© Red Bike Advisors / ETA Street montage
At age 45, Gretchen Roberts was a Senior Director at the tech company Alteryx, earning between $200k and $500k in compensation package. Her days were consumed by Zoom meetings, business travel, and building slidedecks for executives.
"I realized I didn't want to spend the next 20 years climbing the C-Suite ladder," Roberts shared in an appearance on the SMB Deal Hunter Podcast. "I want control of my schedule."
Most people in her position might buy a rental property or consult in their field. But Roberts did something radically different: despite having zero experience in finance and not being a CPA, she acquired a tax and accounting firm, which she rebranded to Red Bike Advisors.
The Search: Why Not Marketing?
Roberts began her search by casting a wide net. She utilized cold outreach strategies, sending over 1,000 emails to business owners in the Southeast. She looked at everything from landscaping to garbage routes.
Given her background, a marketing agency seemed like the logical target. She even got close to submitting an LOI on one. However, a moment of clarity stopped her.

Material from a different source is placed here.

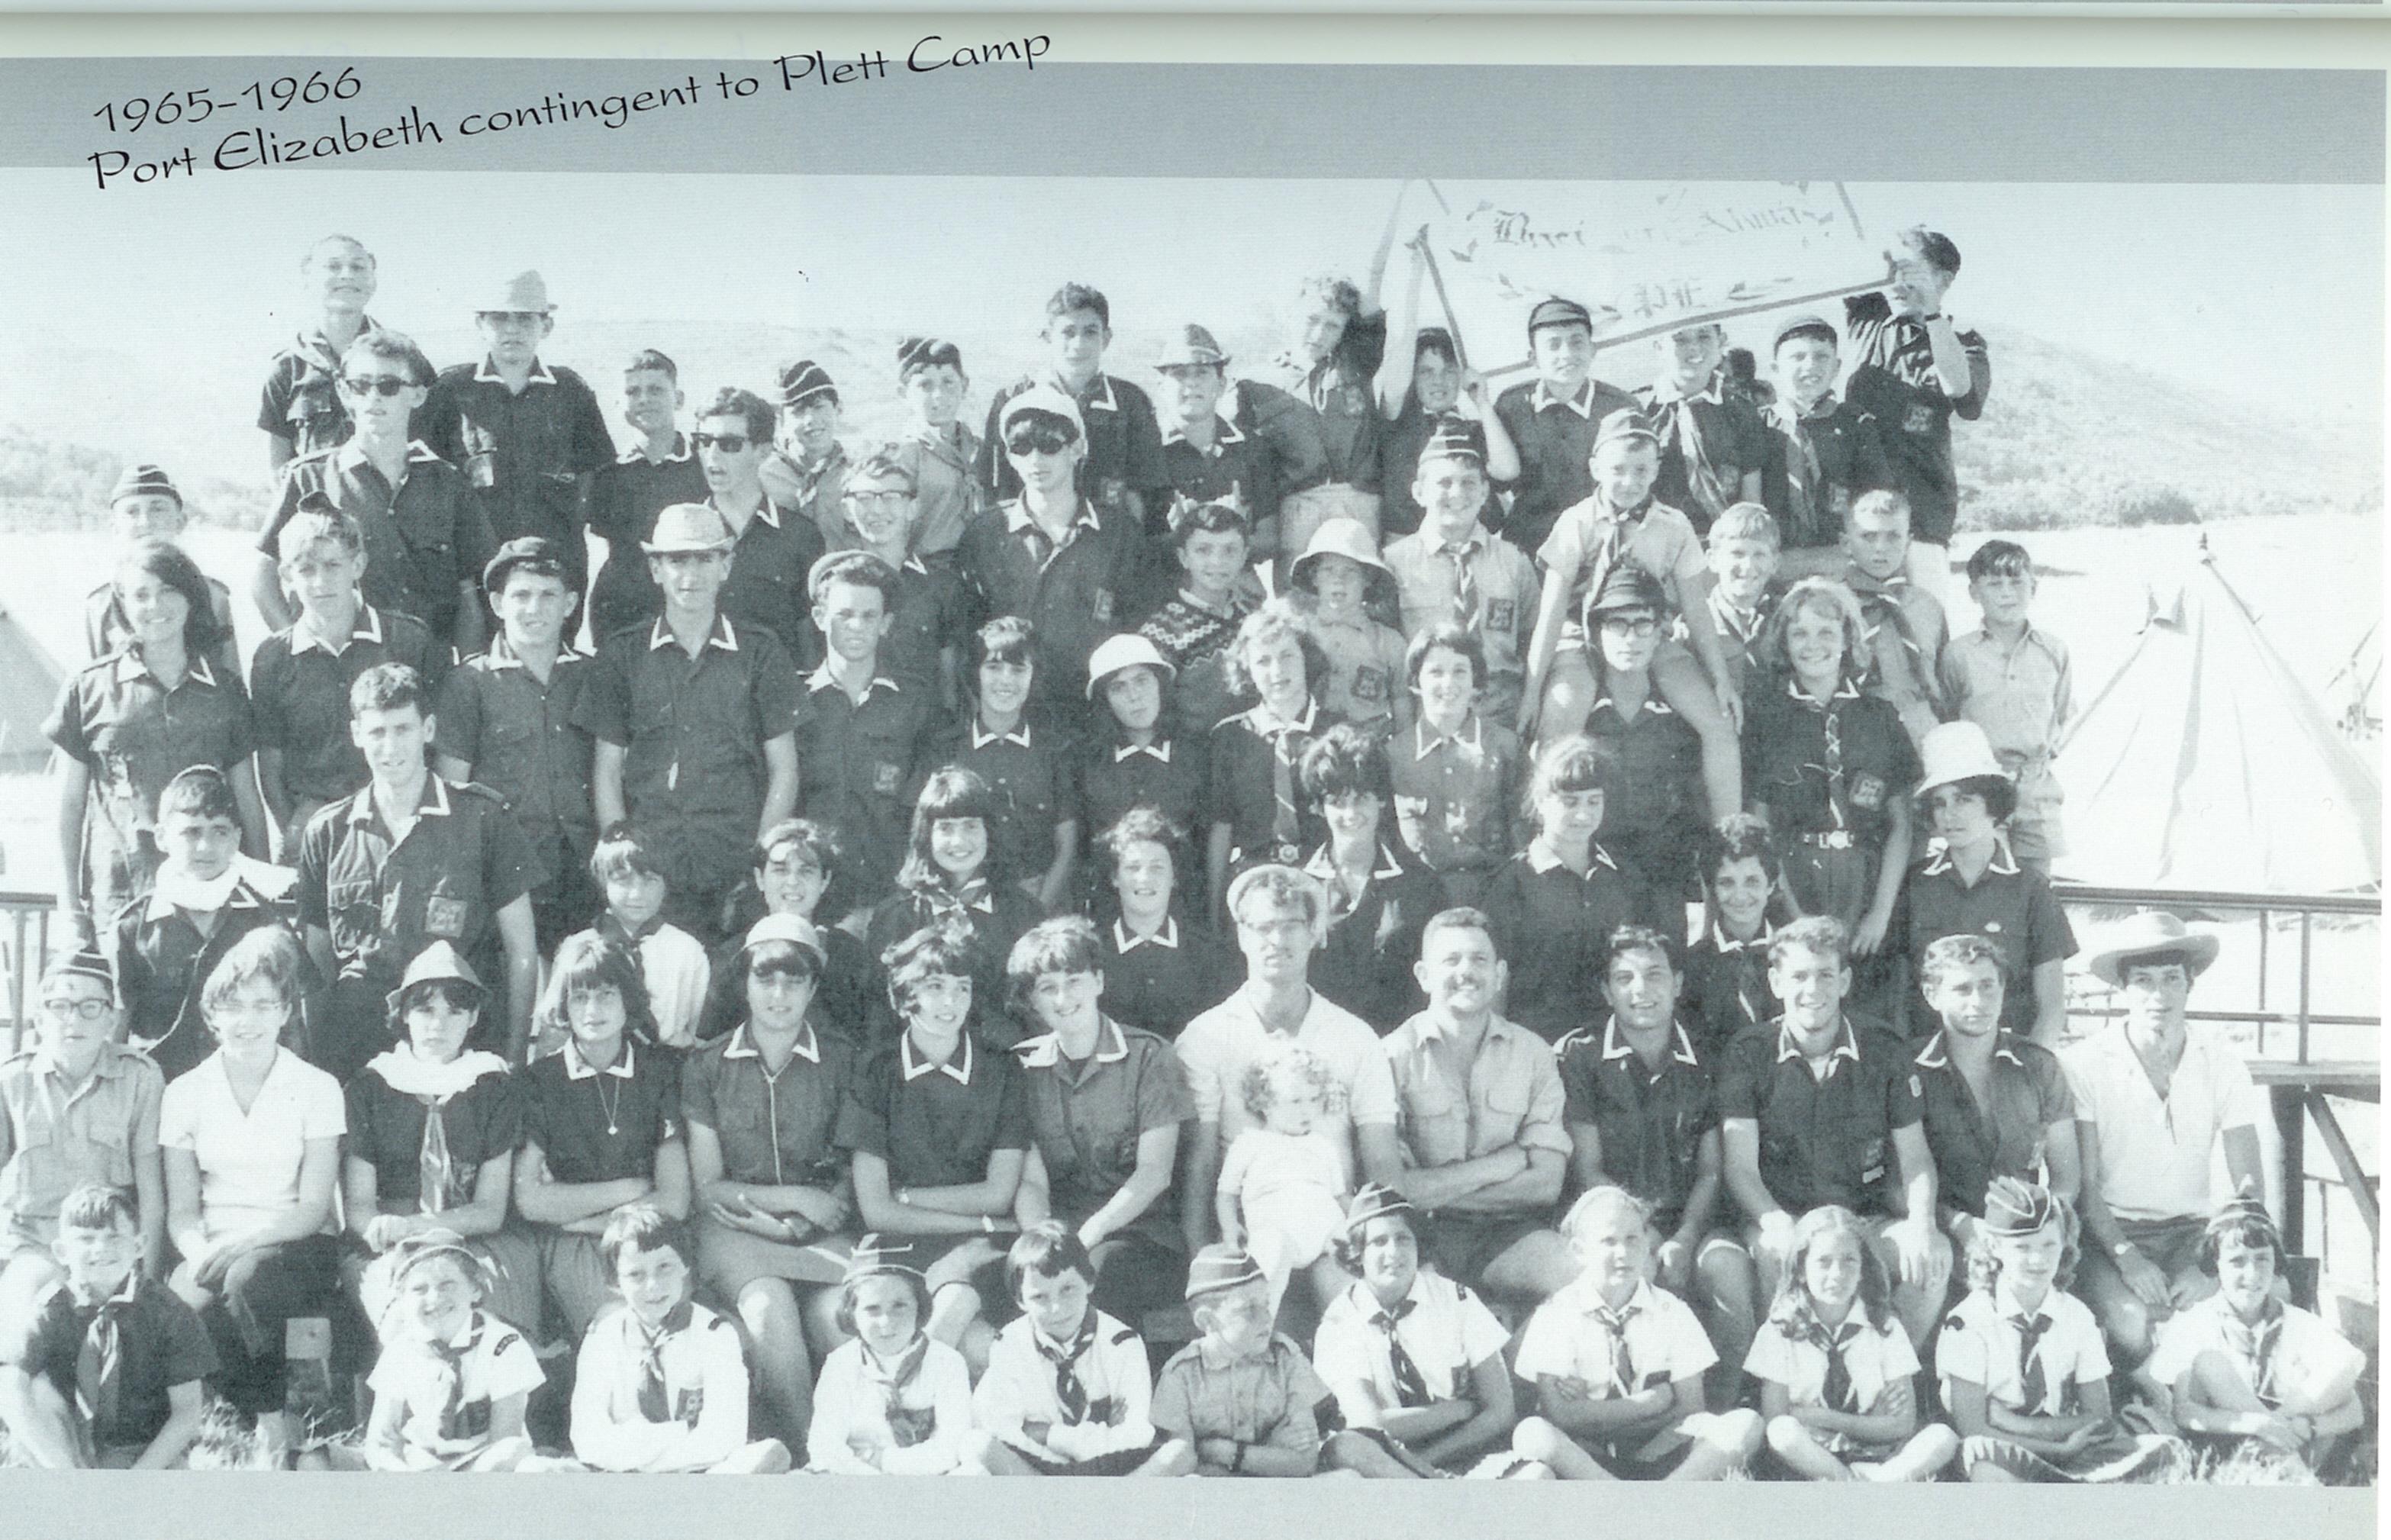 PE Chevrah at Plett Bay 1965
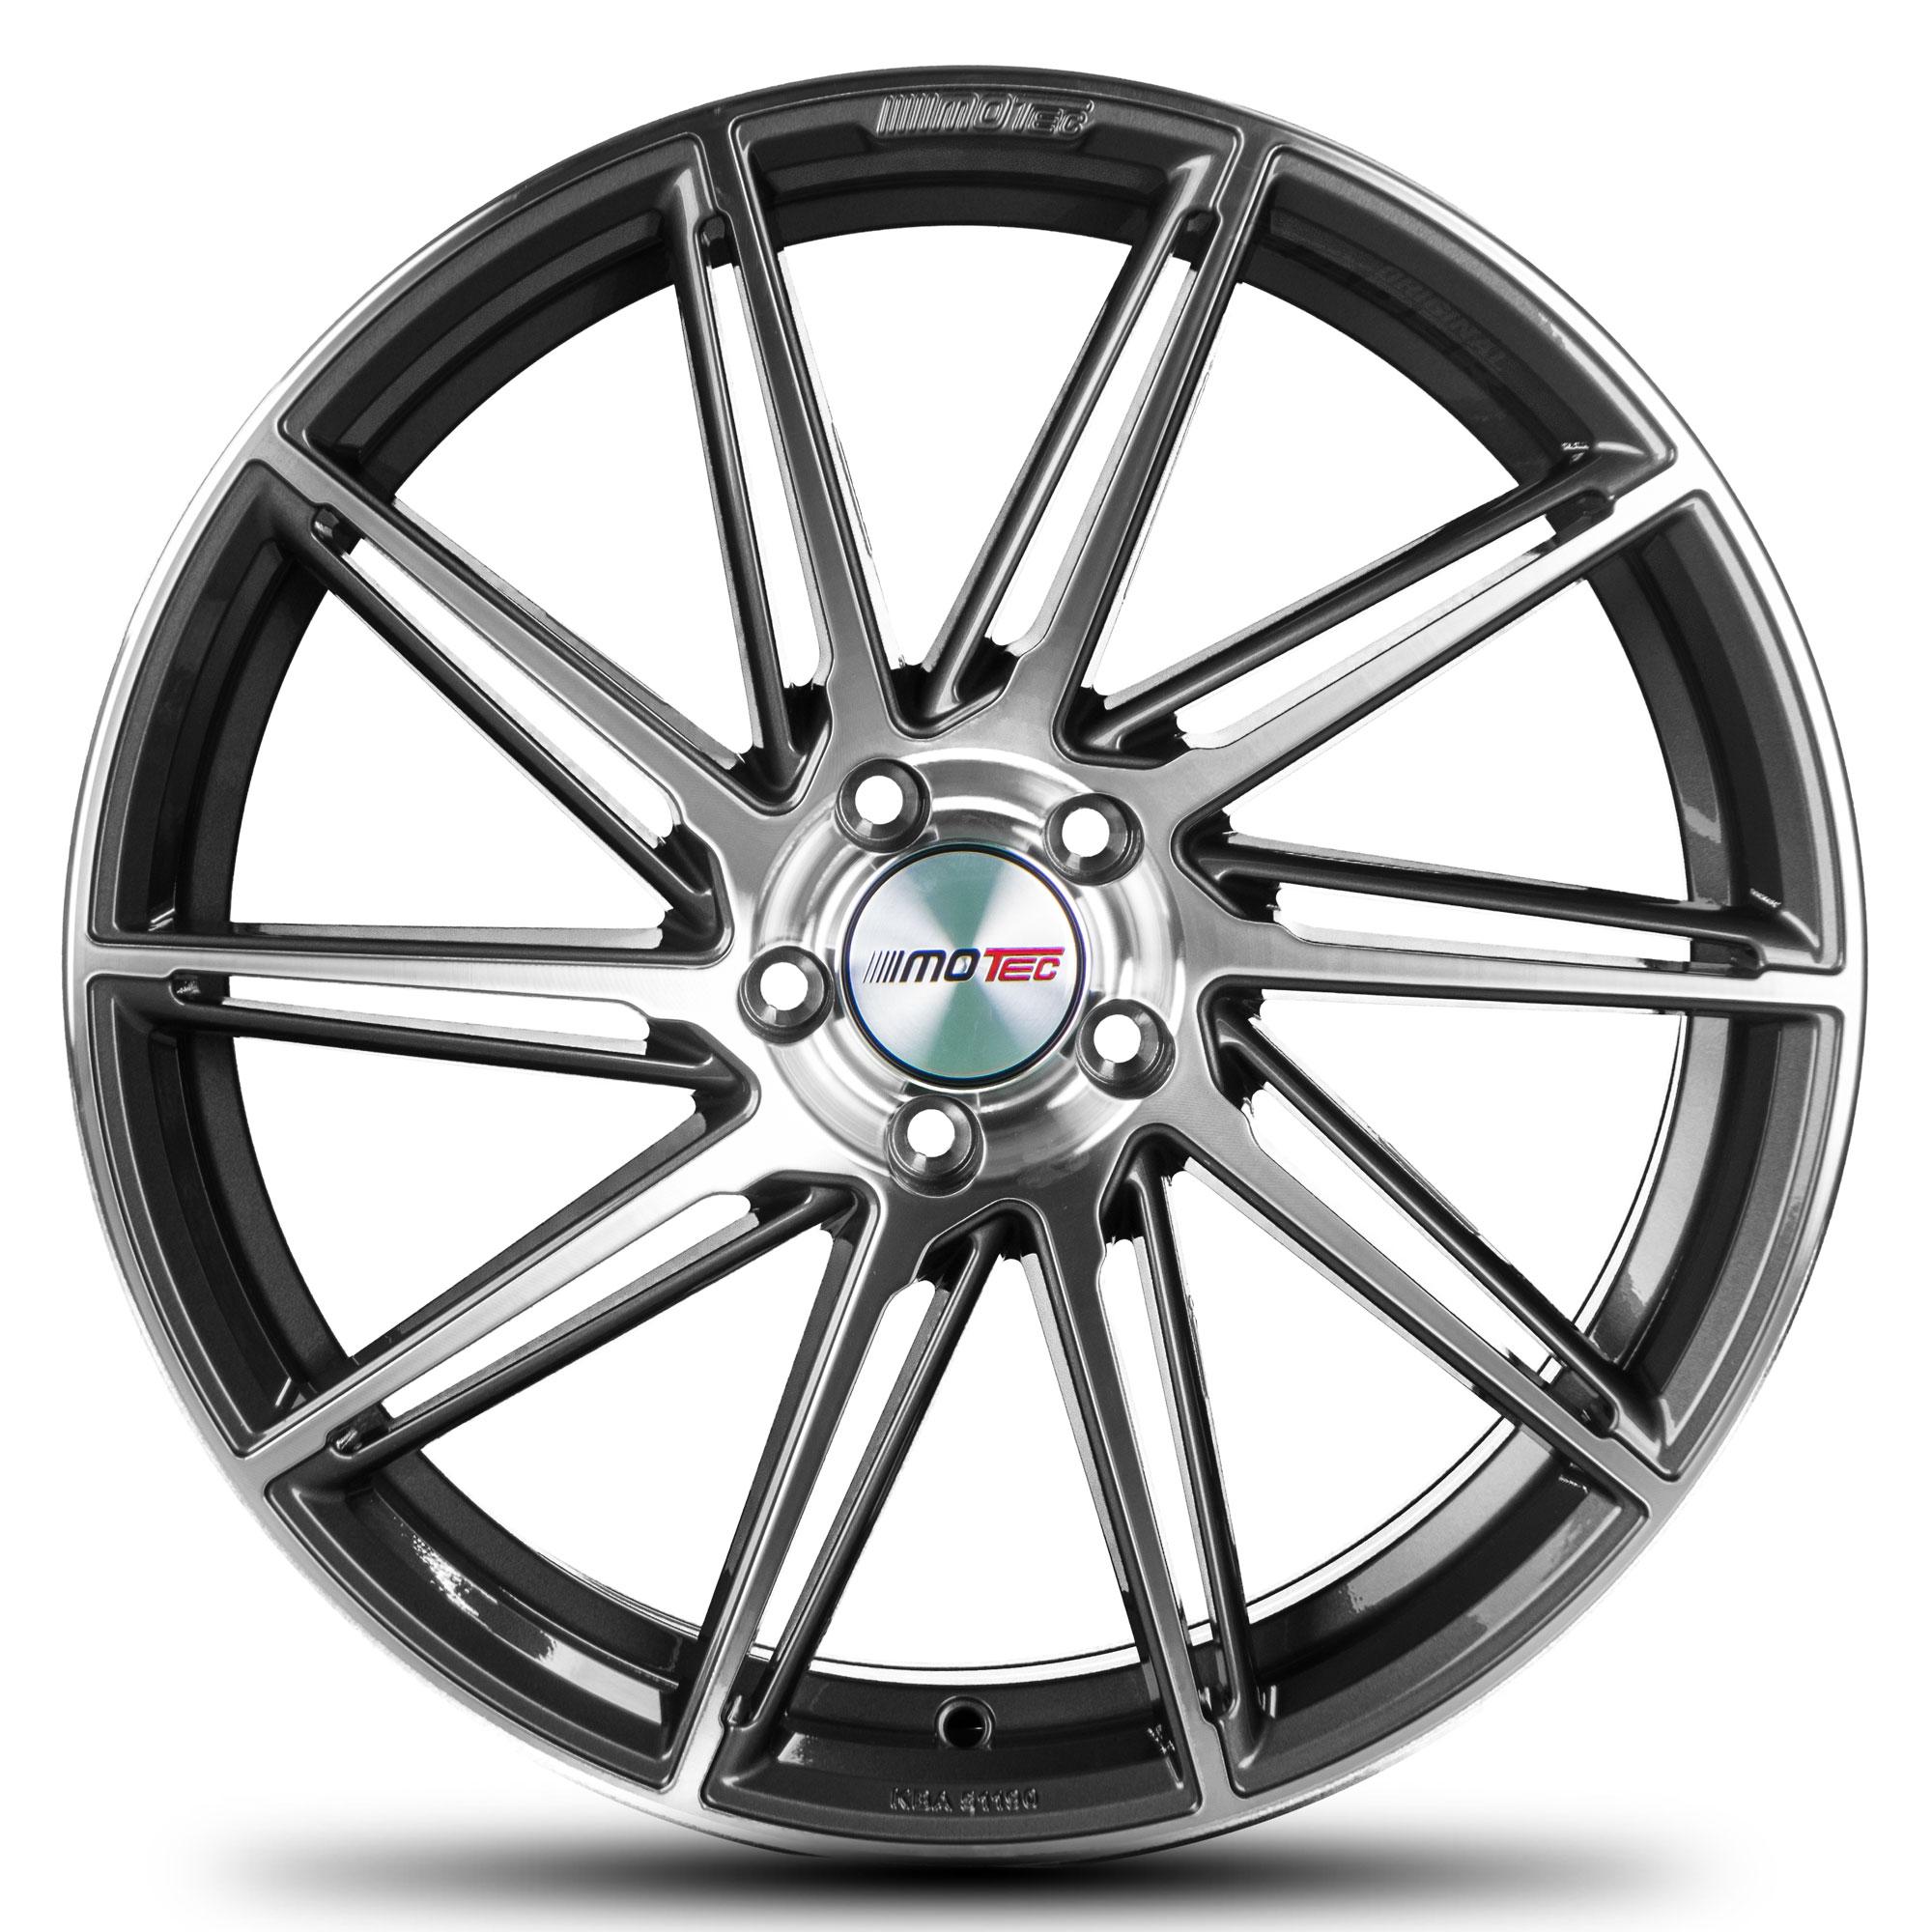 19 Inch Alloy Wheels For Audi A3 8v A4 S4 A5 S5 A6 A7 A8

"I remember sitting in the hot tub with my husband... and realized that if I bought a marketing firm, I would never have time freedom because I know how to do marketing," she explains.
She realized she would inevitably get sucked into the "production" of the business.
She then shifted her criteria to find a business where she couldn't do the technical work, forcing her to work on the business rather than in it.
With this new focus, she landed on accounting firms because they fit:
Recession Resistant: The IRS isn't going anywhere.
Recurring Revenue: Sticky client base.
High Margins: Typically 20% to 40%.
Potential to Modernize: An antiquated industry ripe for tech and process improvements.
"Non-CPA" Hurdles
Buying a professional practice without the credentials is difficult. Roberts faced immediate friction. Many brokers refused to speak with her. One bank even pulled its funding offer after a committee meeting because she wasn't an accountant.
However, Roberts turned this liability into her pitch.
She told the seller and the team, "I am your business Avatar. I am a small business owner, and I don't even necessarily care about [chart of accounts] stuff. I want proactive financial planning," Roberts recounts.
By positioning herself as the voice of the customer, she offered a perspective the accountants lacked. She wasn't there to check tax returns; she was there to improve operations, marketing, and the client experience.
The Deal Anatomy
In June 2023, Roberts closed on Adam Shay CPA (later rebranded as Red Bike Advisors), a firm based in Wilmington, NC, with approximately $2M in revenue and 16 employees.
The Structure:
Valuation: Roughly 1x Revenue (Standard for the accounting industry).
Financing: 70% SBA Loan, 20% Seller Note, 10% Equity injection.
Seller Role: The seller, Adam, stayed on to lead the new "Virtual CFO" advisory division, transitioning from owner to a high-level contributor.
Operational Shifts: From Compliance to Advisory
Roberts' goal was to move the firm away from the "billable hour" grind and toward value-based pricing. She introduced a monthly subscription model called the "Business Owner's Breakthrough," which bundles tax, bookkeeping, and advisory services.
"We were really heavy on the tax side. I wanted to offer accounting first, build on that with tax strategy, then build on that with advisory," she notes.
She also implemented corporate-style management practices that were foreign to the accounting world, such as:
Retrospectives: Post-tax season "post-mortems" to discuss what went well and what didn't.
Departmental P&Ls: Breaking down labor costs by department to identify efficiency gaps.
Remote-First Culture: Roberts manages the firm from Tennessee, proving that physical presence isn't required for leadership.
The Hard Lessons
The transition wasn't flawless. Roberts admits to "learning the hard way" about the sacred rhythms of an accounting firm.
The Tax Season Blackout: During her first extension season, Roberts continued pushing for software changes and new client onboarding processes. The team pushed back. She learned that during tax season, the CEO must step back and let the producers produce. "Don't ask the tax team to do anything until after October 16th," she joked on Acquiring Minds Podcast.
The Talent Crunch: The industry is facing a massive talent shortage. Roberts lost several tax team members during her first busy season due to a gap in recruiting a tax manager. To combat this, she is building a recruiting funnel that targets part-time professionals (parents or semi-retired accountants) who want intellectual work without the 70-hour weeks typical of the industry.
10-Year Vision
Roberts views this acquisition not as a flip, but as a decade-long play. Her goal is to grow Red Bike Advisors to $10M–$20M in revenue within 10 years through a mix of organic growth and strategic roll-ups.
Here’s her advice to other corporate refugees looking to buy:
"I buy opportunities not problems, I buy history not potential, I buy profitability not turnarounds," Roberts says, quoting a mentor. She stresses that buying a stable business is hard enough; there is no need to buy a distressed one just to get a deal.